Gli scienziati che conducono una di più grandi analisi complete del DNA di una malattia rara hanno identificato una mutazione genetica connessa con uno stato imbrazzante del cervello che acceca e paralizza i pazienti.

Uno studio sudoccidentale di UT che ha usato i dati genetici da più di 1.200 partecipanti può aiutare gli scienziati a migliorare i trattamenti del optica di neuromyelitis (NMO). Più largamente, la ricerca dimostra il potenziale dell'utilizzazione dei gruppi illuminazione diffusa grandi del DNA per capire e trattare meglio altre malattie che non hanno subito l'ordinamento genetico pieno.

“Questo risultato mostra che quello effettuare la ricerca approfondita ripaga e più studi come questo può essere necessario trovare il problema dietro altre circostanze rare,„ ha detto il Dott. Benjamin Greenberg, internazionalmente - un esperto di fama in mielite con l'istituto sudoccidentale del cervello del Jr. di UT Peter O'Donnell. “Catturando una malattia rara e facendo più appena la lettura dell'ogni terza o quarta pagina del codice genetico, abbiamo modellato NMO in un modo molto più accurato.„

NMO è una malattia potenzialmente interna in cui il sistema immunitario attacca le celle nel nervo ottico e nel midollo spinale, lasciando alcuni pazienti acceca e/o paralizzato. I pazienti possono recuperare la maggior parte della loro funzione con i farmaci ed il ripristino fisico, sebbene molti siano mal diagnosticati con la sclerosi a placche ed affrontino un elevato rischio della ricaduta e del danno permanente dovuto mancanza di terapia adeguata.

Lo studio pubblicato nelle comunicazioni della natura indica che una variazione in un gene componente del complemento è stata associata con un rischio aumentato di sviluppare NMO. Il gene produce una proteina che lega agli anticorpi e può danneggiare a cui l'anticorpo è fissato, batteri solitamente nocivi. Ma nel caso di NMO, gli anticorpi attaccano alle parti del sistema nervoso.

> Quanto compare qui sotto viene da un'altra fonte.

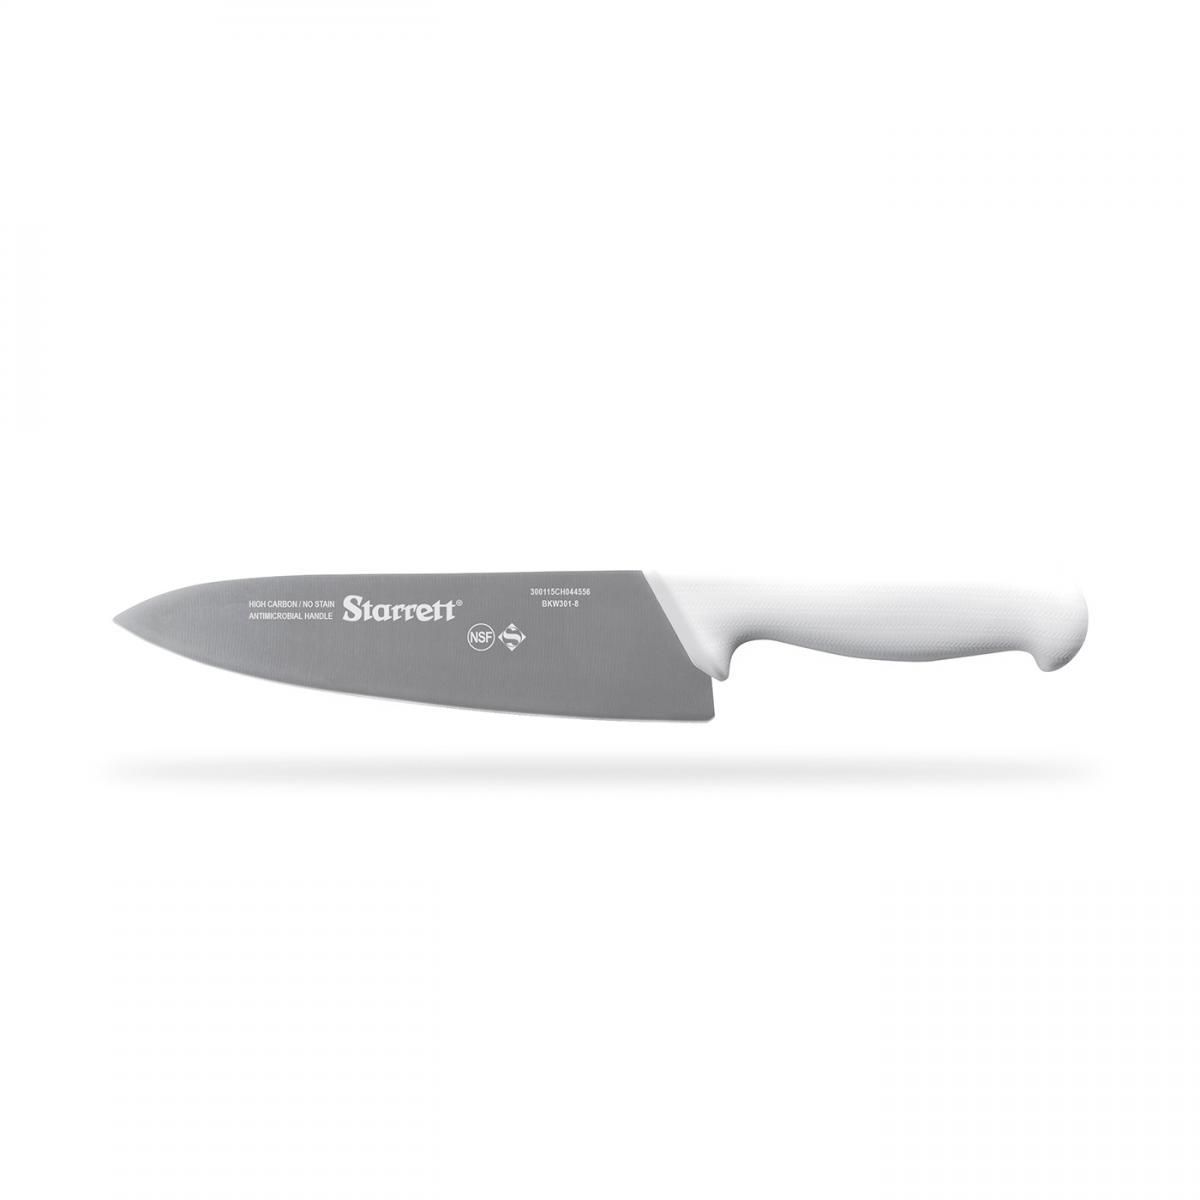 Kit Cheff Starrett Cutelo + 2 facas + Pedra de afiar + Chaira

L'identificazione della variazione genetica, combinata con i dati di test clinico, può aiutare gli scienziati a determinare in anticipo che i pazienti non trarranno giovamento dal trattamento standard.

“Alcuni pazienti entrano in remissione ed altri non fanno, eppure non abbiamo saputo perché,„ il Dott. Greenberg ha detto. “Che cosa possiamo ora fare è lo sguardo al DNA e determinare se quello ha qualche cosa fare con perché le droghe non stanno funzionando.„

L'istituto del cervello di O'Donnell è uno soltanto di alcuni siti negli Stati Uniti che si specializzano nel trattamento del NMO. È egualmente uno di due centri nel paese messo a fuoco sulla mielite trasversa, compreso la mielite flaccida acuta che i titoli nazionali attirati negli ultimi anni dopo almeno 200 bambini sono stato paralizzati. Il Dott. Greenberg piombo gli sforzi a lungo termine per raccogliere i campioni biologici dai pazienti di mielite nelle speranze finalmente di sviluppare i trattamenti quell'migliore obiettivo queste malattie.

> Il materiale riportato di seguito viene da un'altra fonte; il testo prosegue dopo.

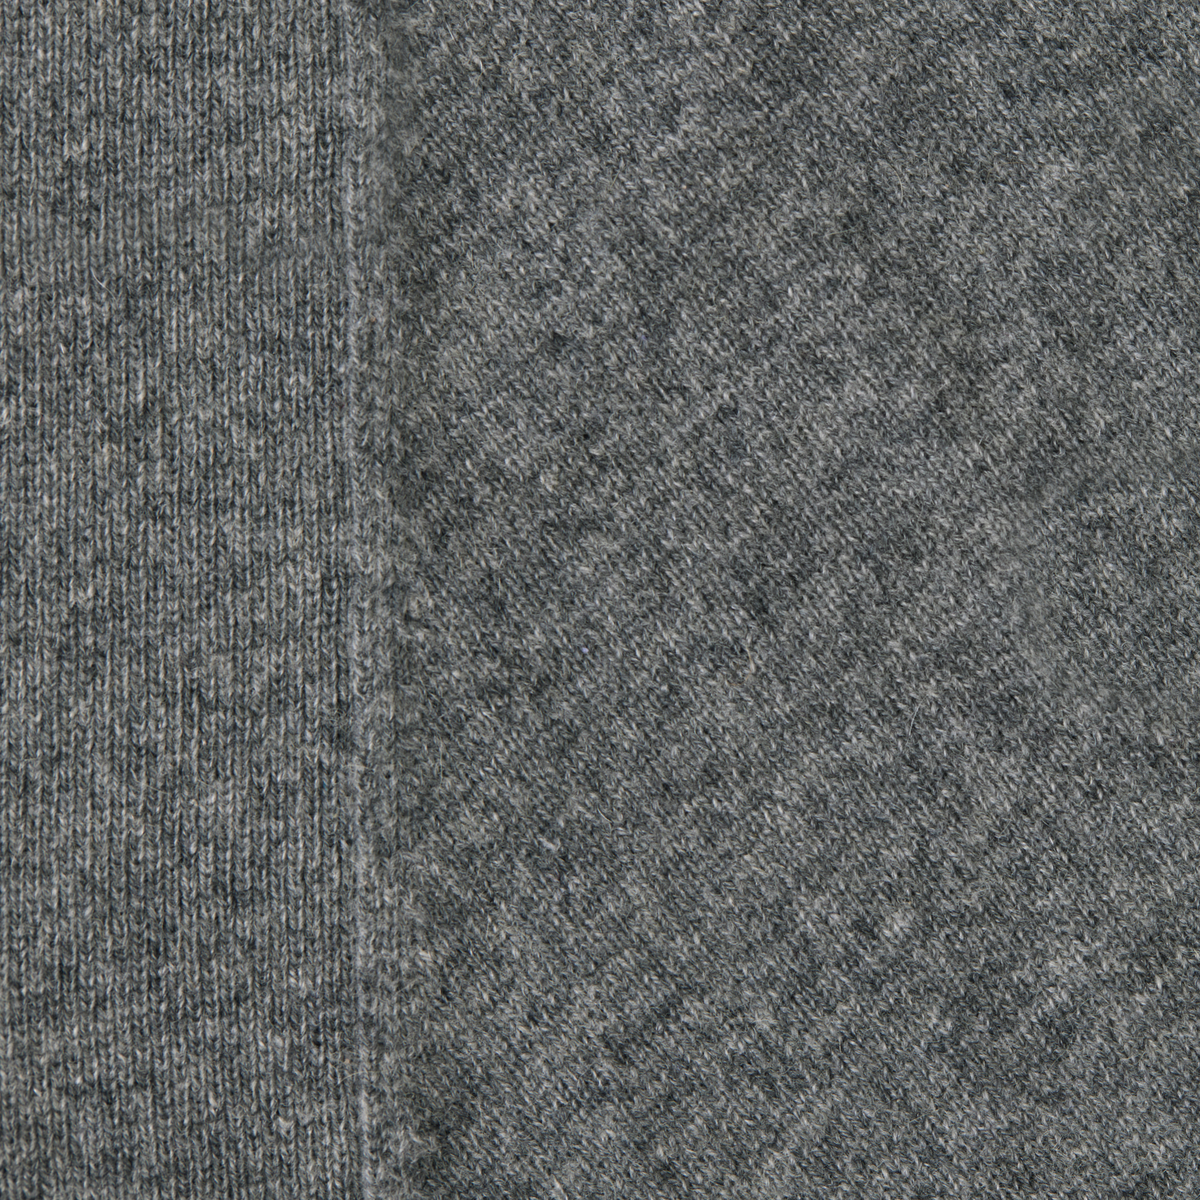 Fabric Closeup of Sferra Donna Cashmere Robe in Grey Color

NMO è fra parecchie migliaia di malattie rare che cumulativamente pregiudicano 30 milione Americani eppure determinato non fa partecipare le popolazioni abbastanza grandi per attirare gli sforzi di ricerca diffusi. Così piccolo quanto 0,3 per cento di ogni 100.000 Americani ha NMO - una delle malattie autoimmuni più rare che comprendono il cervello ed il midollo spinale.

Il Dott. Greenberg ha detto che il nuovo studio convalida gli sforzi a più molto attentamente analizza la genetica dietro altre malattie rare. Nota che la ricerca chiarisce i risultati precedenti circa i sostegni genetici di NMO, derivati dagli studi che hanno analizzato soltanto una parte del genoma.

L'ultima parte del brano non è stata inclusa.